Es la última pieza del mosaico de bienes congelados a magnates rusos en la Costa Esmeralda y que tiene un valor de 600 millones de euros. Esta es la Villa Walkirie atribuida al magnate ruso Oleg Deripaska y declarada oficialmente “congelada”.
La operación de las Llamas Amarillas
El Comité de Seguridad Financiera (parte del Ministerio de Economía) a través de la Fiamme Gialle del comando Sassari cerró el círculo en el lote de activos sobre los que se colocaron los sellos. El bloqueo se produjo al final de una larga serie de investigaciones llevadas a cabo por los militares de Olbia y Sassari, que examinaron todo el sistema de propiedad de la villa. Villa Walkirie, considerada una de las más bellas de la Costa Esmeralda, estuvo en el centro de las investigaciones de la Fiamme Gialle desde que se desencadenaron las medidas contra los oligarcas rusos previstas por las sanciones ordenadas por las instituciones europeas.

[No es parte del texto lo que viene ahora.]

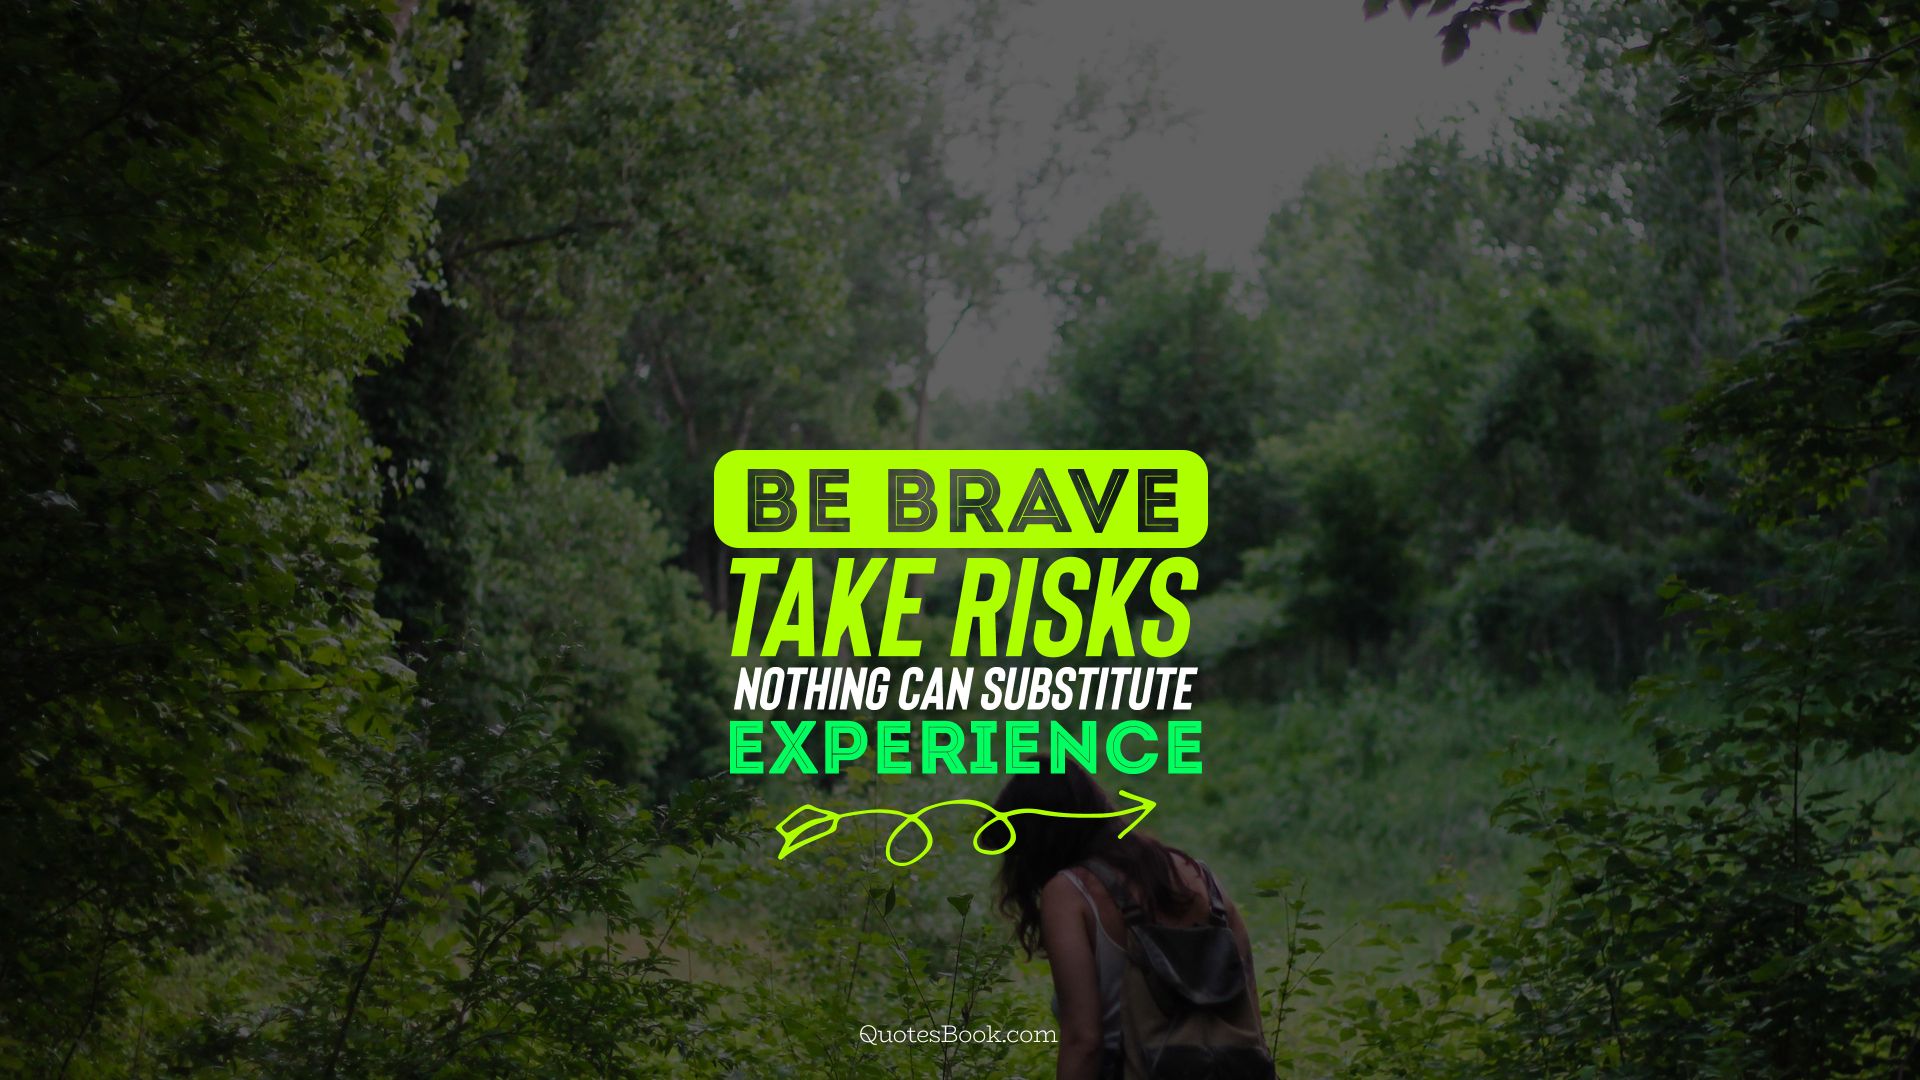 Be brave take risks nothing can substitute experience

El último producto congelado
La actividad investigativa llevada a cabo por los militares a través del estudio de empresas y bienes ha llegado tan lejos como estos días hasta la villa congelada. Este es el último activo sellado atribuible a los rusos y bloqueado en Italia. En los últimos meses, la Fiamme Gialle se había incautado de otros bienes, atribuibles a otros oligarcas, en varias regiones de Italia. De Lombardía a Liguria, hasta Cerdeña.
Veinte villas y 600 millones
Villa Walkierie es el vigésimo complejo inmobiliario, atribuible a los rusos y puesto bajo incautación. Desde el inicio de las sanciones y las medidas de congelamiento, se han bloqueado estructuras, barcos, una treintena de coches de lujo y empresas por 600 millones de euros.
El magnate en la mira
Oleg Deripaska, además de ser considerado un hombre cercano al presidente ruso, también era conocido en Italia por ser el accionista de control de Rusal, la empresa rusa que a su vez controla Eurallumina de Portovesme. Esto hasta 2019 cuando perdió la capacidad de ejercer cualquier control.